Зеленые тени, Белый Кит
Шрифт:
— Я…
— Заткнись и пережевывай свою пищу, — улыбнулся Джон.
Мы некоторое время ели молча, каждый бросал взгляды на остальных. Джон — на меня. Джейк — на Джона. Я — на них обоих, а Рики, улучив момент, решительно кивнула мне, чтобы я стойко держался и боролся в гуще нечестной игры.
Джон смотрел, как я перелопачиваю свой омлет, превращая его в кашу, и отодвигаю тарелку. Потом совершенно переменил тему.
— Малыш, что ты читаешь?
— Шоу, Шекспира, По, Готорна. Песнь Песней, то есть Песни царя Соломона
— Угу, — сказал Джон, прикуривая сигару. Он отпил кофе. — Понятно.
Наконец он спросил прямо:
— Хевлок Эллис?
— Секс?
— Ну не только секс, — небрежно бросил Джон, — есть у тебя еще мнения на этот счет?

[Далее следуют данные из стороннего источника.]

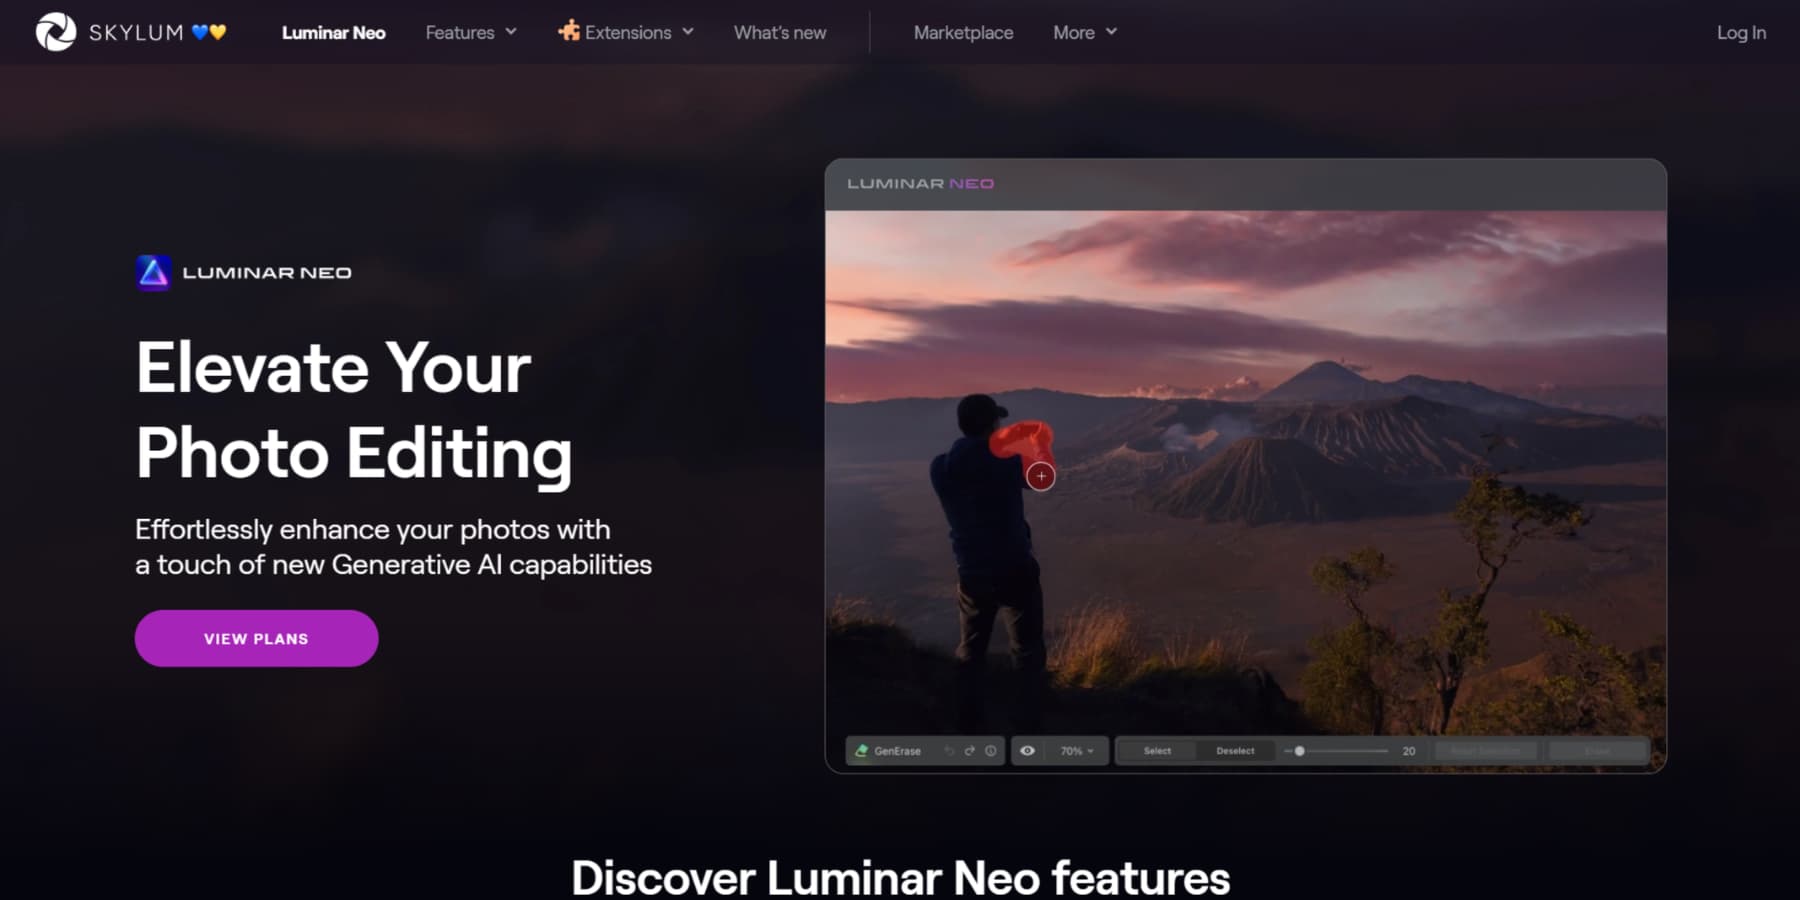 A screenshot of Skylum Luminar Neo's homepage

— Какое это имеет отношение к моей премии?
— Терпение, сынок. Никакого. Просто мы с Джейком тут кое-что читали. Доклад Кинси, несколько лет назад. Читал?
— Моя жена продавала экземпляры этого доклада в книжном магазине, где мы с ней познакомились.
— Вот те на! Что скажешь про все гомосексуальные моменты? Мне представляется все это весьма интересным, а тебе?
— Ну, — сказал я.
— Что я хочу сказать, — продолжал Джон, жестом требуя еще кофе и дожидаясь, пока Рики разольет его по чашкам, — на свете нет такого мужчины, или мальчишки, или старика, который хотя бы раз в жизни не возжелал бы другого мужчину. Так, Джейк?
— Общеизвестно, — сказал Джейк.
Рики уставилась на нас и все кривила рот, стреляла глазами, подавая мне знаки — «уходи, беги».
— Ну разве это не естественно для человека, при той любви, что заложена в нас, — сказал Джон Хьюстон, — что мы влюбляемся в футбольного тренера, или легкоатлетическую звезду, или в лучшего спорщика в классе? Девочки влюбляются в своих инструкторш по бадминтону или в учительниц танцев. Правильно, Рики?
Рики отказалась отвечать и готова была вскочить и выбежать из комнаты.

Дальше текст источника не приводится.